The requirement lives with product until it is proven
This is where the discipline most often breaks down: writing a requirement does not queue it for engineering. A requirement stays with product through its validation life: tested against the prototype, challenged by stakeholders, refined as the journey sharpens, scored and prioritized against everything else competing for the release, its outcomes defended.
Experienced product managers will push back here: the draft is not a guess, it is their expertise, so why elongate the process to back up what they already know. But the process does not test the expert, it arms them. Expert judgment carries disproportionate weight inside it, and what comes out is judgment converted into evidence: something that holds the line when the loudest voice in the room wants to reorder the release, transfers cleanly to people who think differently, and scales past what one person can carry. Being right is not enough; being right with the evidence attached is what wins the argument.

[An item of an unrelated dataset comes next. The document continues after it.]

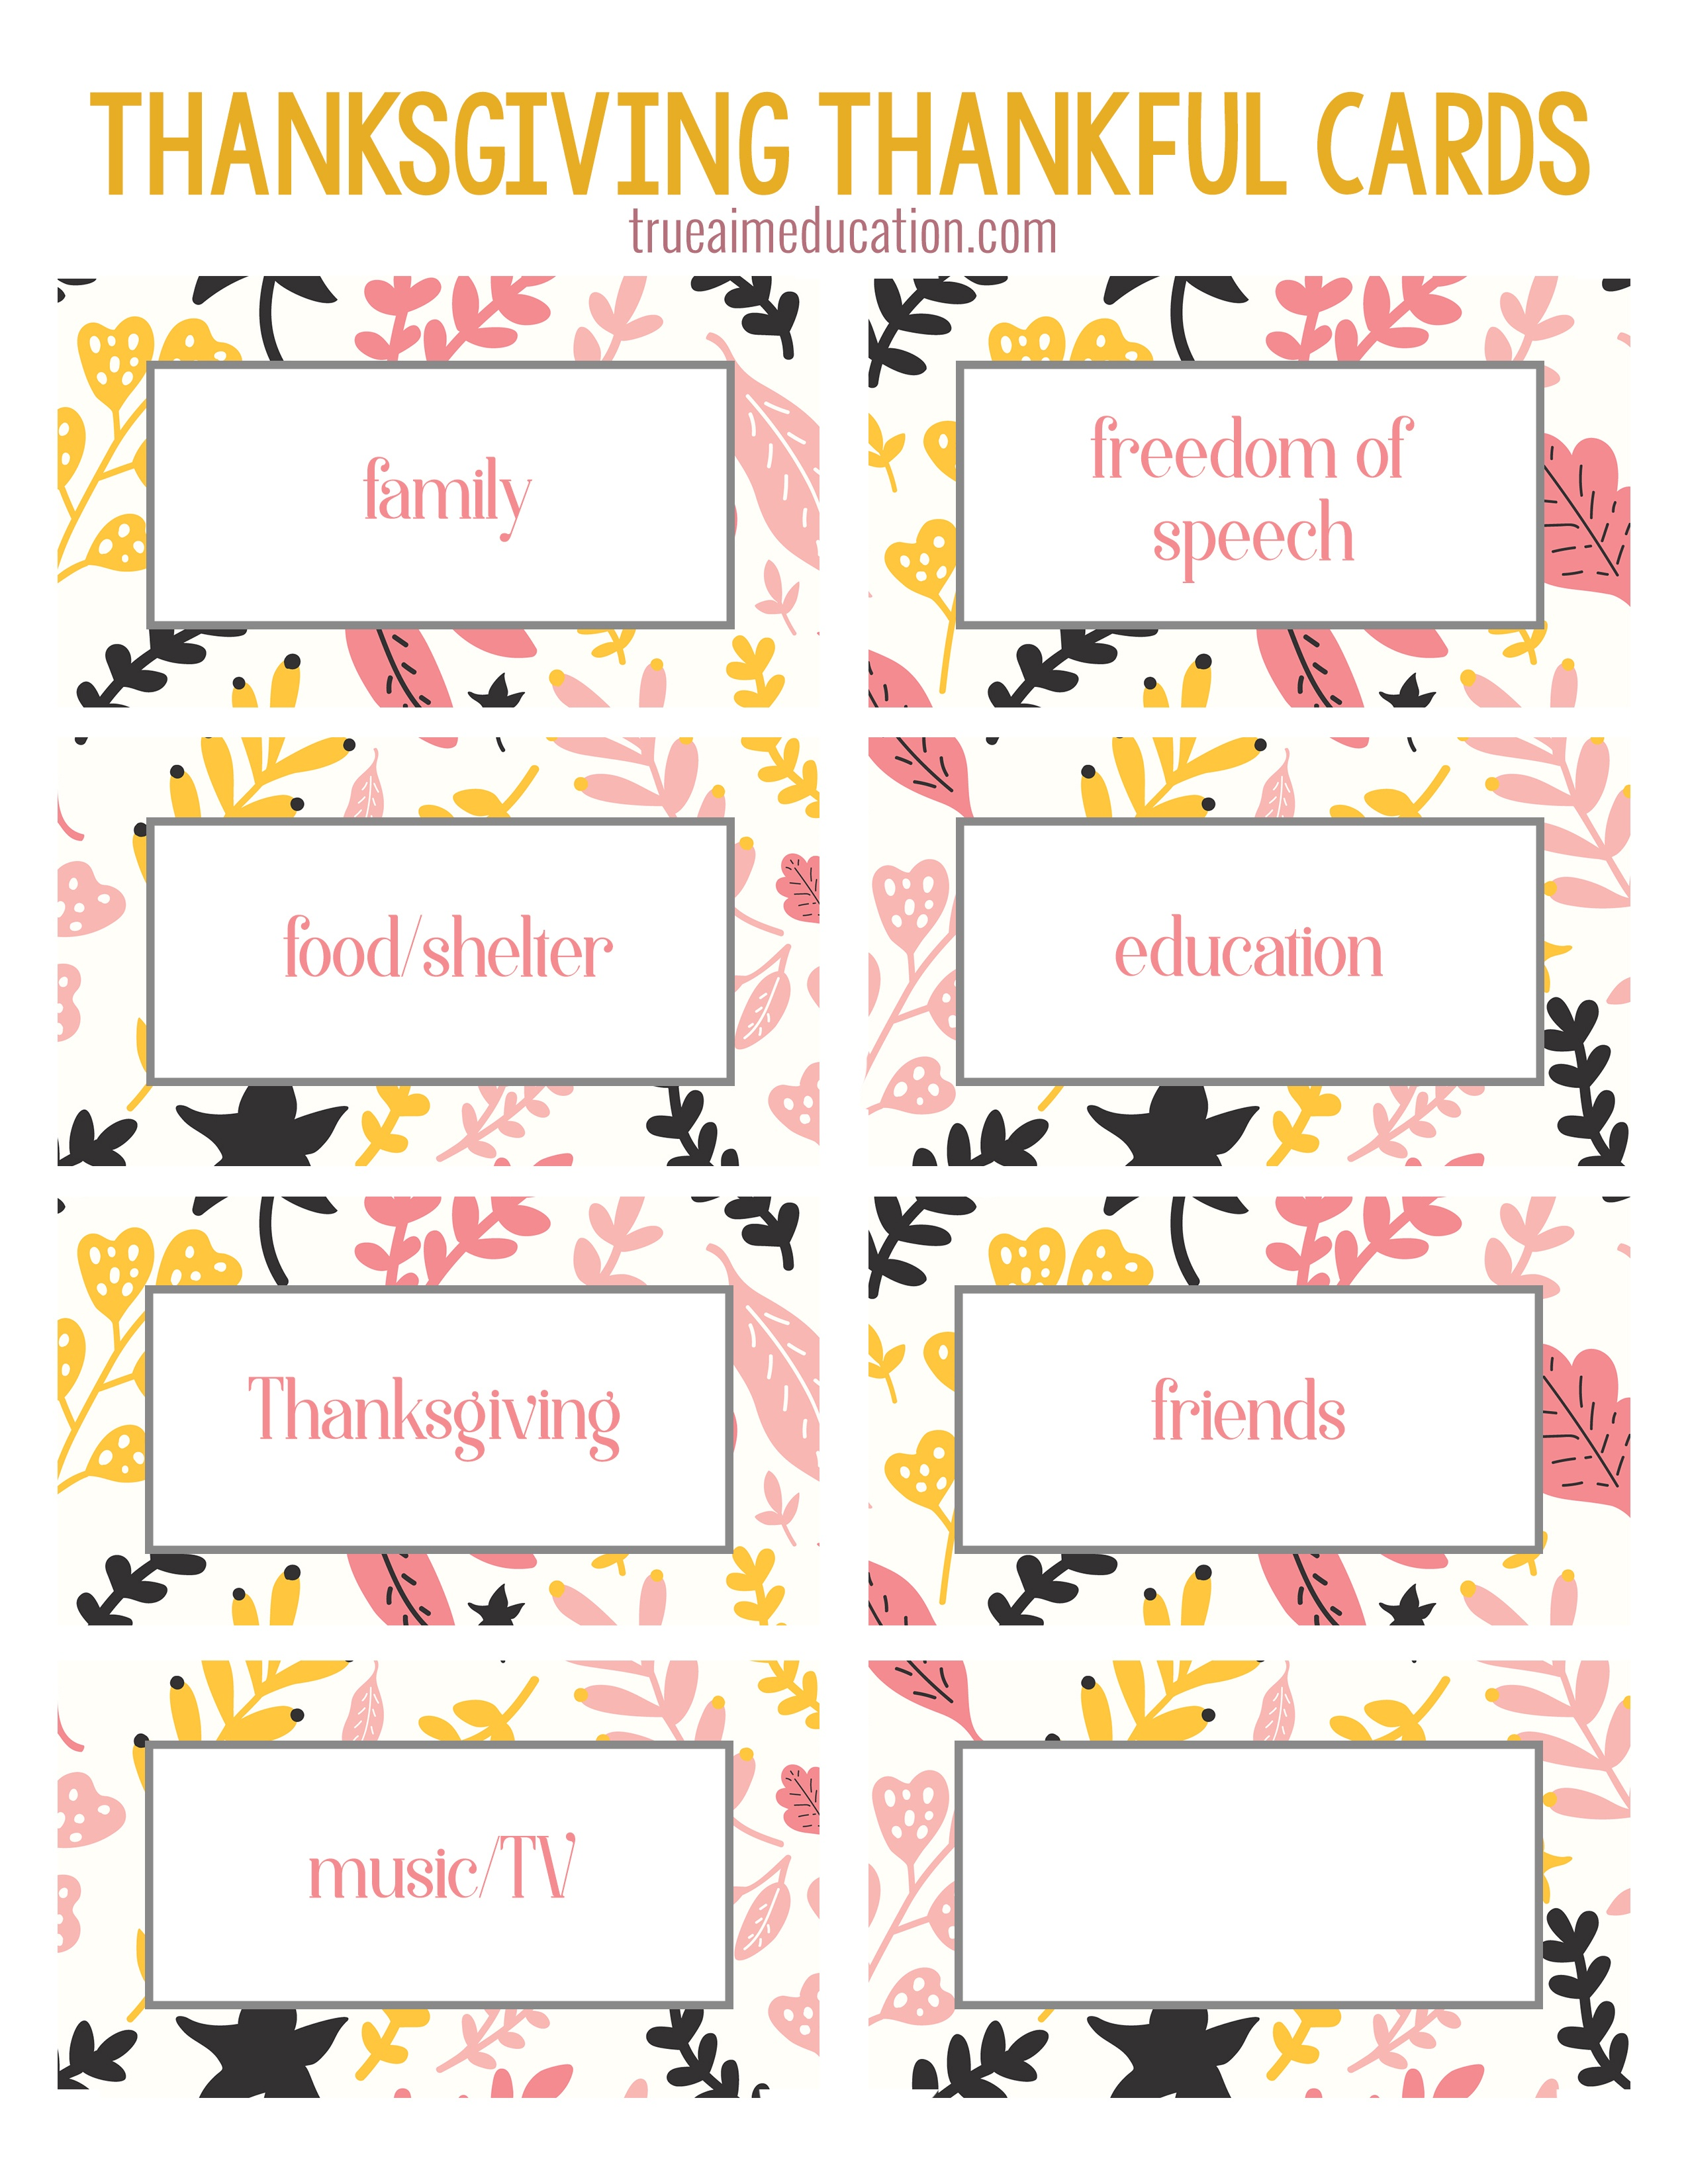 Thanksgiving Thankfulness With Free Printable Cards - Free Printable Cards

Only when the requirement fully represents what we intend to build, validated, prioritized, refined, with its acceptance criteria testable and its rationale defensible, does it cross the line. Requirements that fail the test are deferred or rejected with their disposition recorded, which is not waste. A hypothesis cheaply disproven in product is the economic argument for doing this work before engineering gets involved rather than after.
What engineering receives
When a validated requirement syncs to Jira, the whole anatomy travels. The task and its journey become the Epic; each step becomes a Story. Title maps to summary, description to description, status flows through a mapping table with Jira's workflow mirrored back read-only. The Epic description carries the journey's contract: the user story, the trigger, the preconditions, the exit state, and any constraints linked at the journey level.
A requirement does not contain everything it depends on. Entity models, architecture decisions, and cross-cutting business rules live in their own documents, and the requirement points at them through its reference fields. The completeness test is not whether the requirement holds it all, but whether everything it depends on is reachable from it: in THREADS PM through Links, in Jira through the references carried on the Epic. And one rule keeps the handoff honest: THREADS PM owns requirement content, Jira owns delivery workflow. When a constraint changes, the source changes first and the Epic is re-pushed.
Engineering, in other words, does not receive a draft to interpret. They receive a claim that has been tested, with the evidence attached.
The readiness test
Before a requirement crosses to engineering, it must answer five questions without you in the room: who is it for, why does it exist, when does it begin, what does done look like, and why now. And it must pass one condition the questions cannot capture: it has been tested. Someone has walked the journey, watched the prototype, challenged the claim, and the requirement standing at the end is the refined version, not the first draft.
Generating the first draft is now the easy part, and it will keep getting easier. The value of the product manager is in the proving.